------ Source material

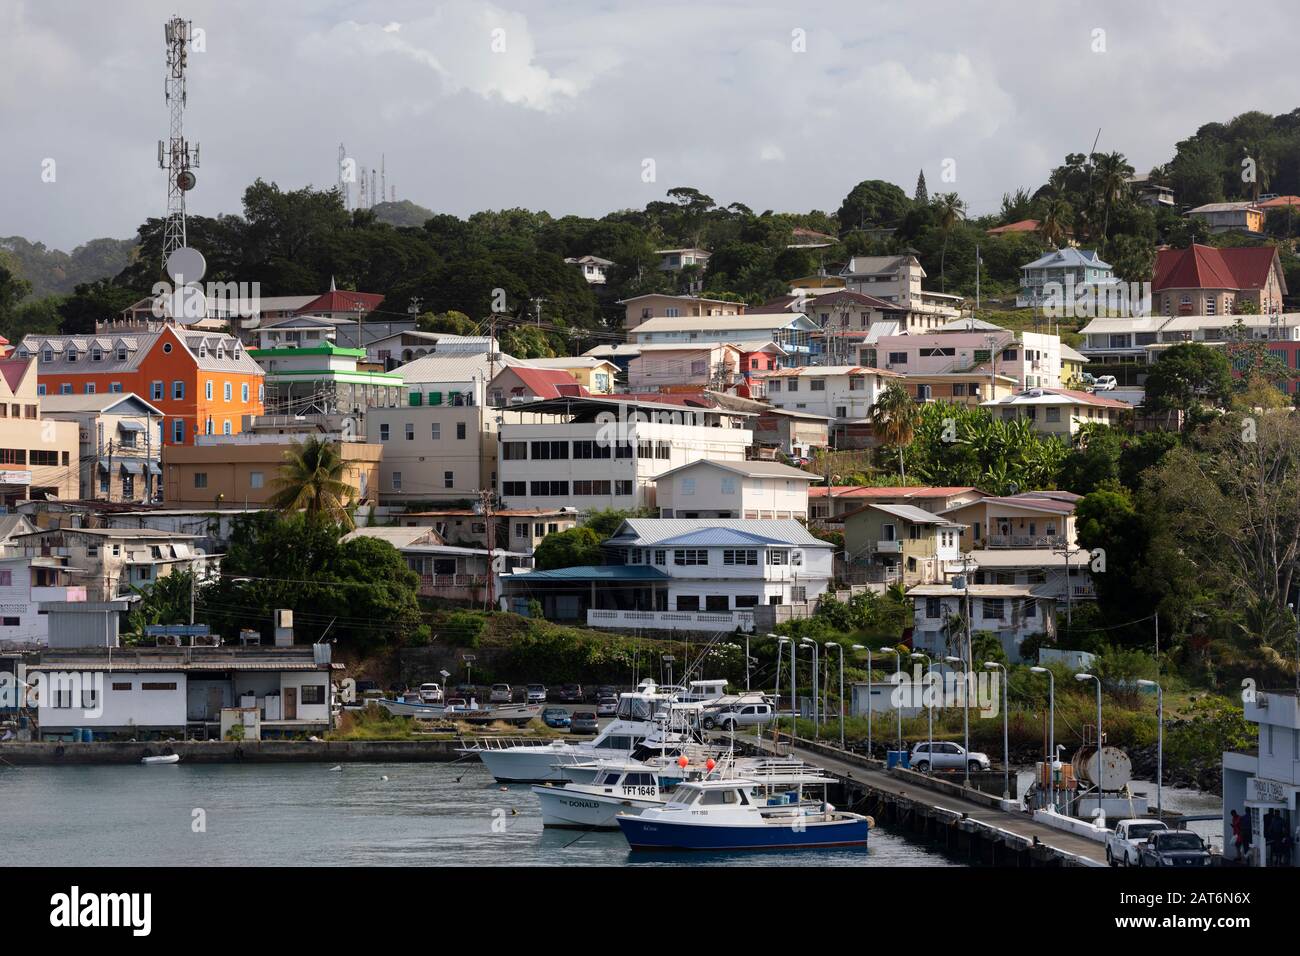 Houses on the waterfront, Scarborough, Tobago, Trinidad and Tobago Stock Photo
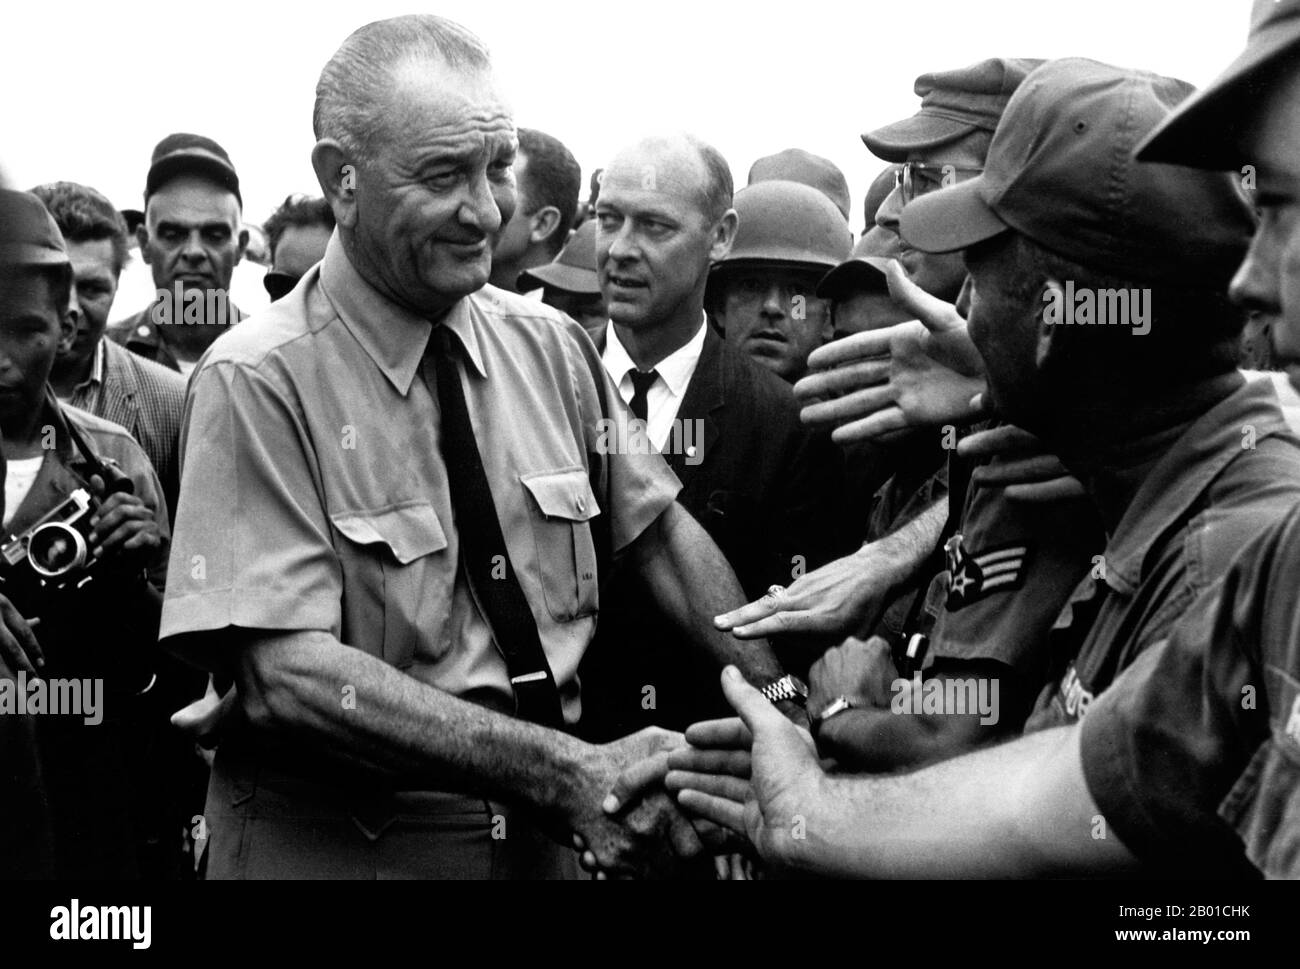 Vietnam: Präsident Lyndon B. Johnson begrüßt amerikanische Truppen in Saigon, 1966. Der zweite Indochina-Krieg, in Amerika als Vietnamkrieg bekannt, war ein militärischer Konflikt aus der Zeit des Kalten Krieges, der sich in Vietnam, Laos und Kambodscha vom 1. November 1955 bis zum Fall Saigons am 30. April 1975 ereignete. Dieser Krieg folgte dem ersten Indochina-Krieg und wurde zwischen Nordvietnam, unterstützt von seinen kommunistischen Verbündeten, und der Regierung von Südvietnam, unterstützt von den USA und anderen antikommunistischen Nationen, geführt. Die US-Regierung betrachtete die Beteiligung am Krieg als eine Möglichkeit, eine kommunistische Übernahme von Südvietnam zu verhindern. Stockfoto
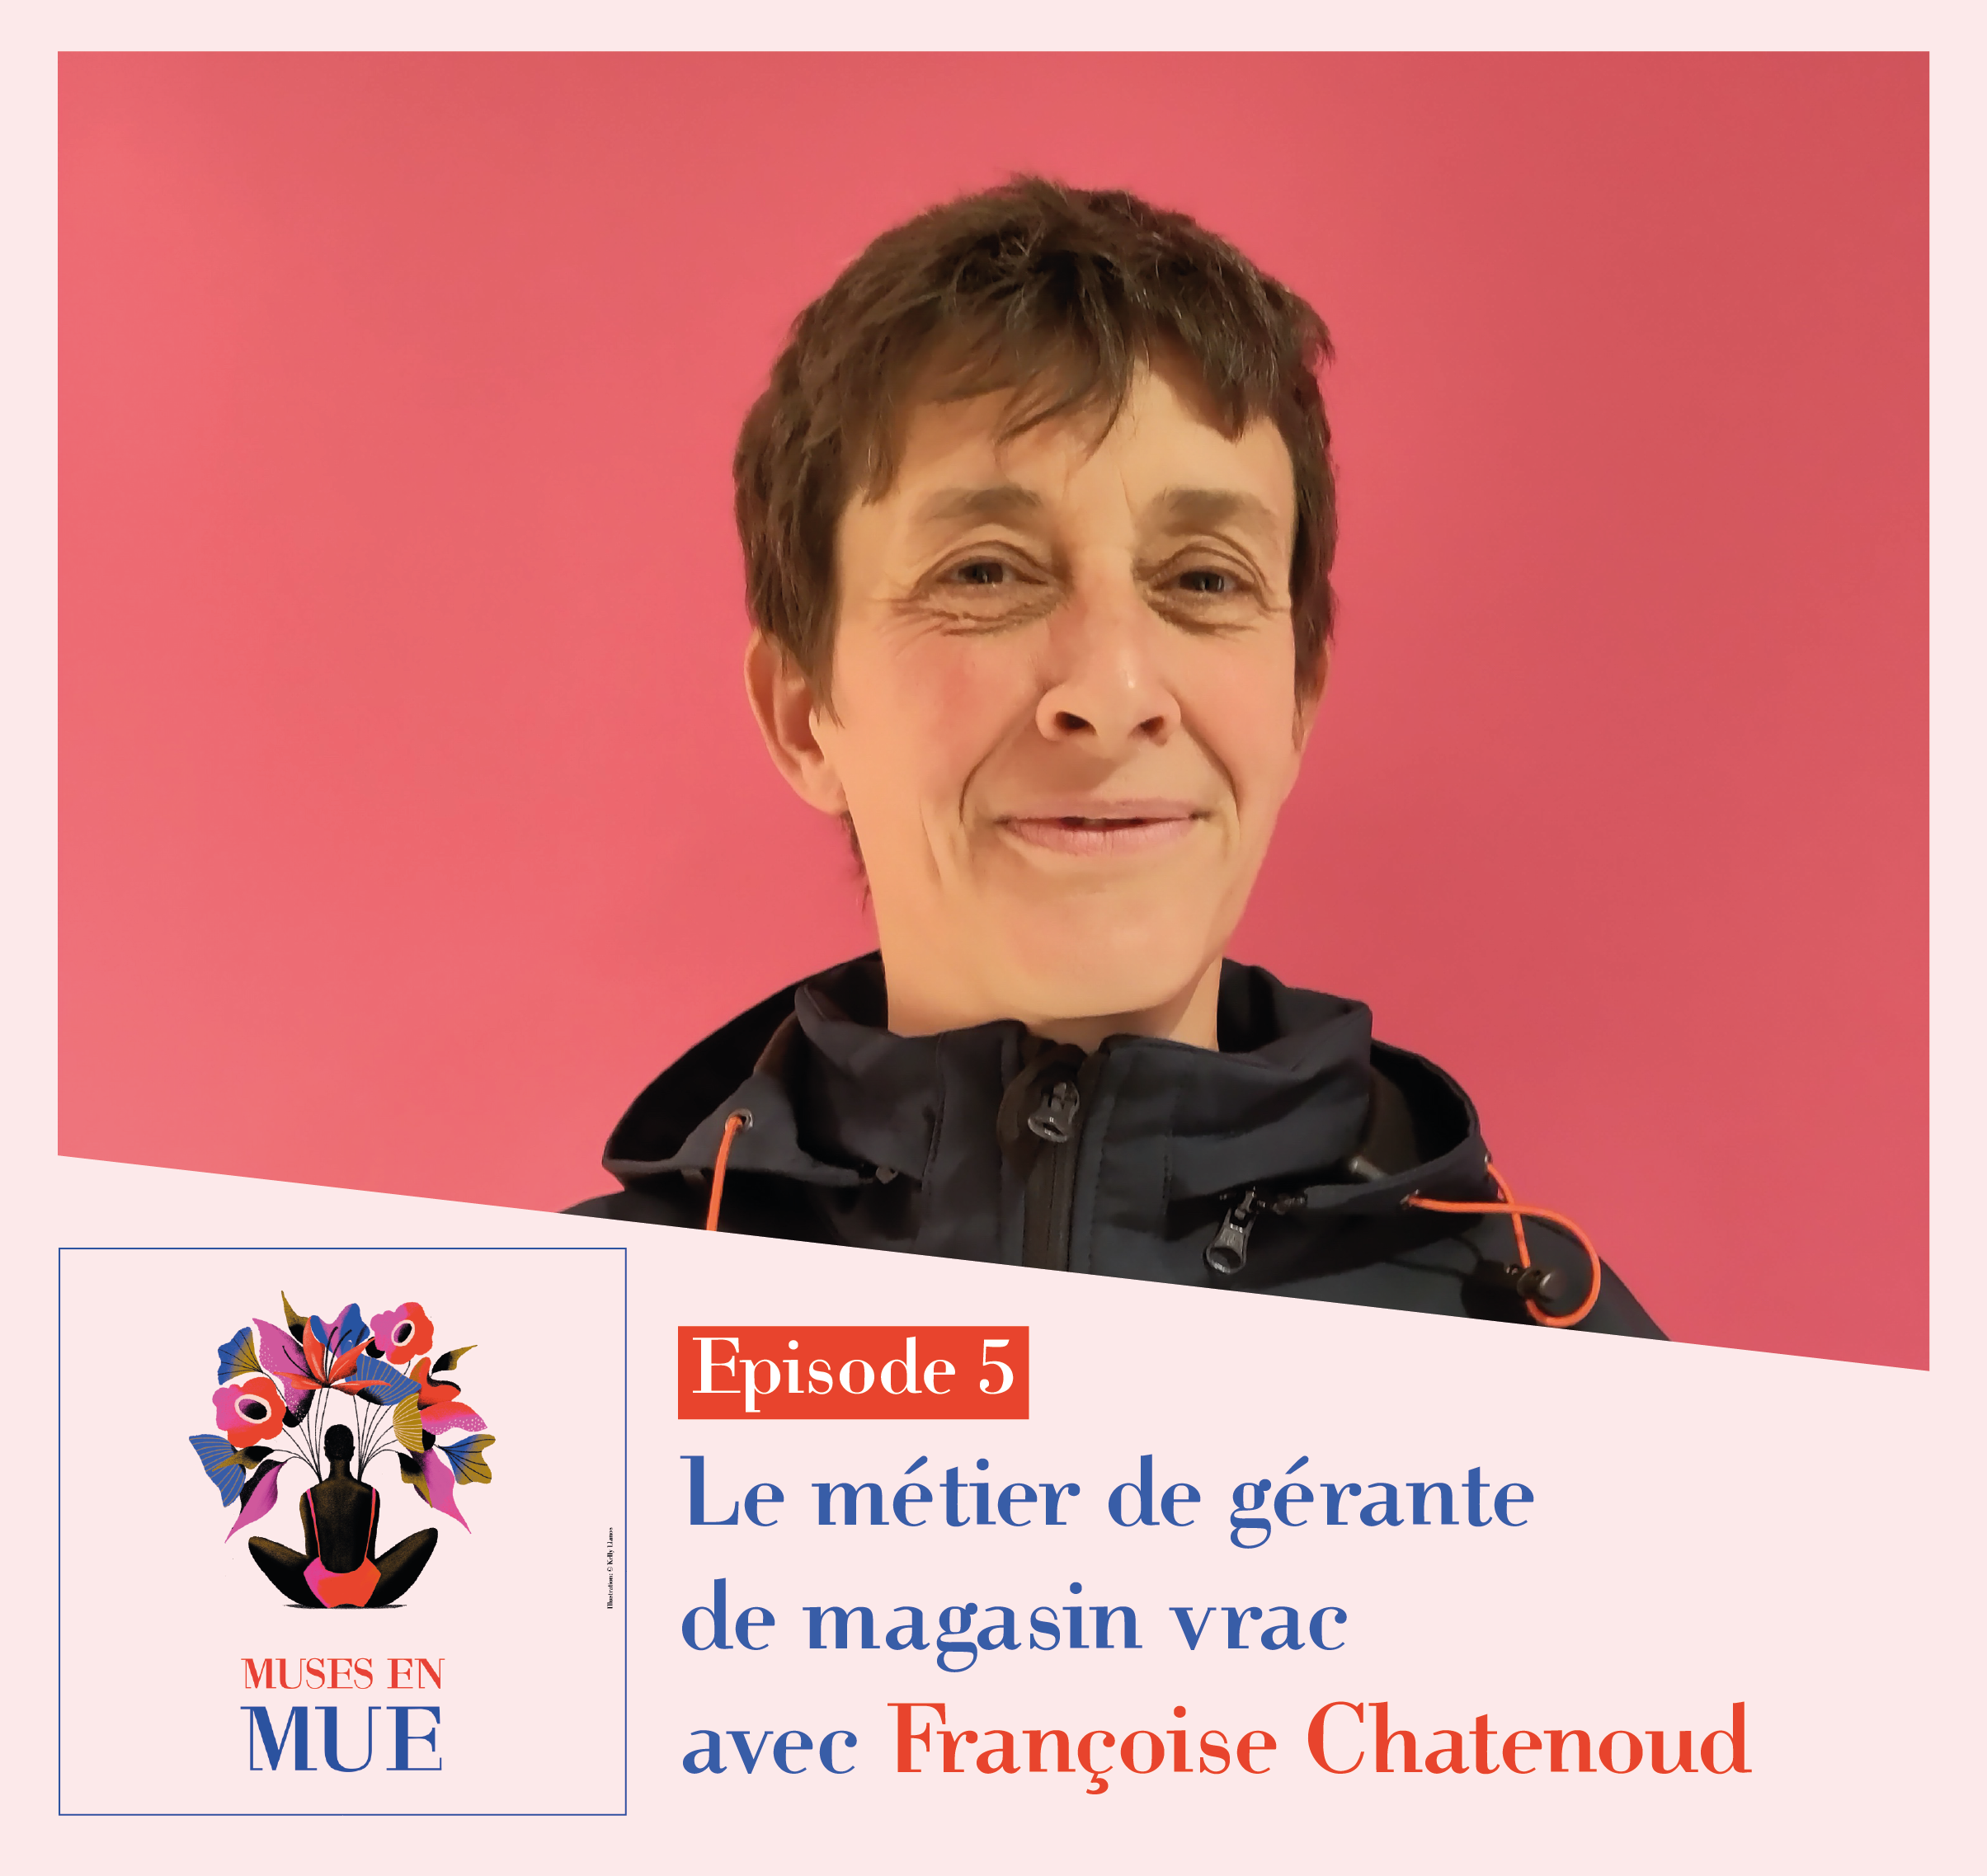 MUSES EN MUE – Episode 5 avec Françoise Chatenoud

------------

Return the material above verbatim, minus the pictures.

Exercise response:
 Houses on the waterfront, Scarborough, Tobago, Trinidad and Tobago Stock Photo
 Vietnam: Präsident Lyndon B. Johnson begrüßt amerikanische Truppen in Saigon, 1966. Der zweite Indochina-Krieg, in Amerika als Vietnamkrieg bekannt, war ein militärischer Konflikt aus der Zeit des Kalten Krieges, der sich in Vietnam, Laos und Kambodscha vom 1. November 1955 bis zum Fall Saigons am 30. April 1975 ereignete. Dieser Krieg folgte dem ersten Indochina-Krieg und wurde zwischen Nordvietnam, unterstützt von seinen kommunistischen Verbündeten, und der Regierung von Südvietnam, unterstützt von den USA und anderen antikommunistischen Nationen, geführt. Die US-Regierung betrachtete die Beteiligung am Krieg als eine Möglichkeit, eine kommunistische Übernahme von Südvietnam zu verhindern. Stockfoto
 MUSES EN MUE – Episode 5 avec Françoise Chatenoud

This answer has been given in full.